Please remove the following email address:  e.little598@gmail.com

On Sat, Sep 9, 2023 at 10:15 PM Russ Allbery <rra@debian.org> wrote:
Luca Boccassi <bluca@debian.org> writes:

> systemd upstream will drop support for the transitional sysv generator
> in the near future. The transition is long finished, it's been at least
> a decade, and it's time for the tail of packages still shipping only
> init scripts but not units to be updated.

> Tentatively this should happen within Trixie's development cycle. Of
> course it's free software and generators are not that difficult to
> maintain, so if someone wanted to lift the sysv generator out of the
> systemd repository and adapt it to be a standalone binary there's
> nothing stopping them.

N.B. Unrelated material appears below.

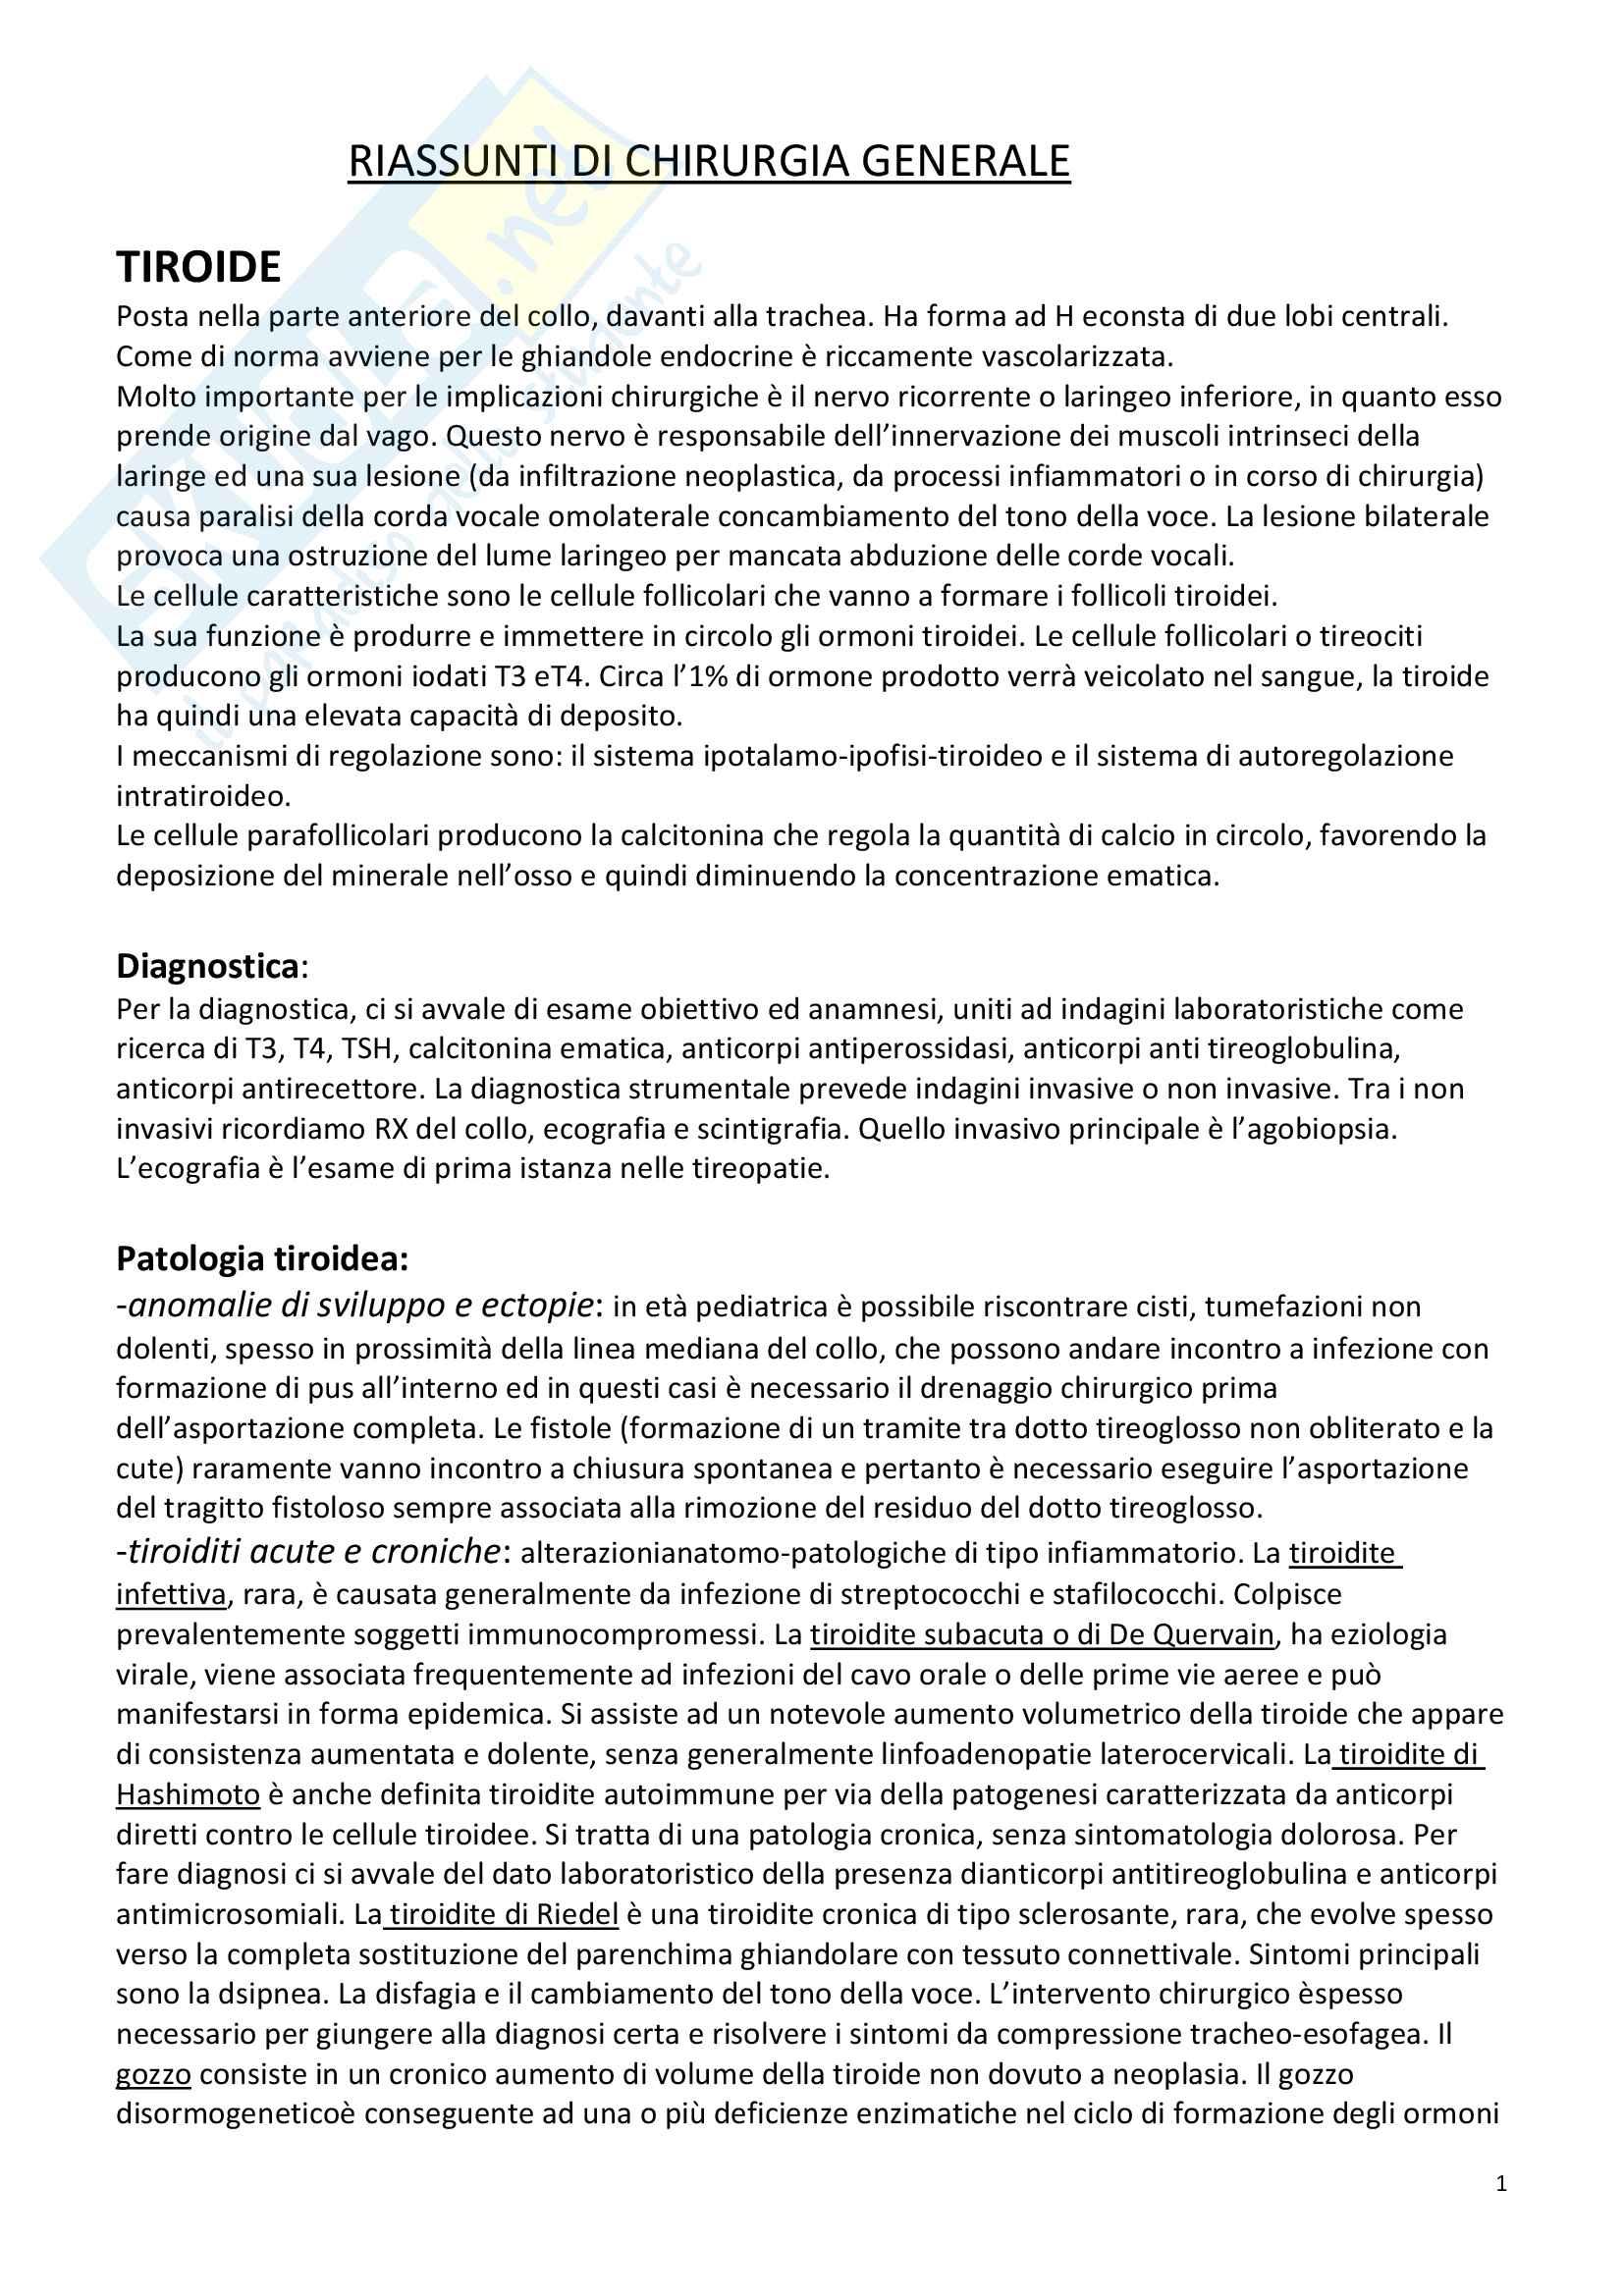 Appunti di Chirurgia Generale

But I wouldn't want the systemd package to depend
> on such a backward compat tool, so packages needing this hyptothetical
> package should depend explicitly on it. This is just mentioned for
> completeness, it's been at least a decade and writing a unit file is
> beyond trivial so there shouldn't be any issue adding the few remaining
> ones.

The mass bug filing happened, and although there were some objections on
debian-devel, I don't think any of them were blocking.  Specifically, I
did not see anyone present a concrete plan for how to keep the systemd
unit generator or some equivalent alive, and given that systemd upstream
is dropping support for this feature, I believe that's the only way for
this change to not be effective mandatory.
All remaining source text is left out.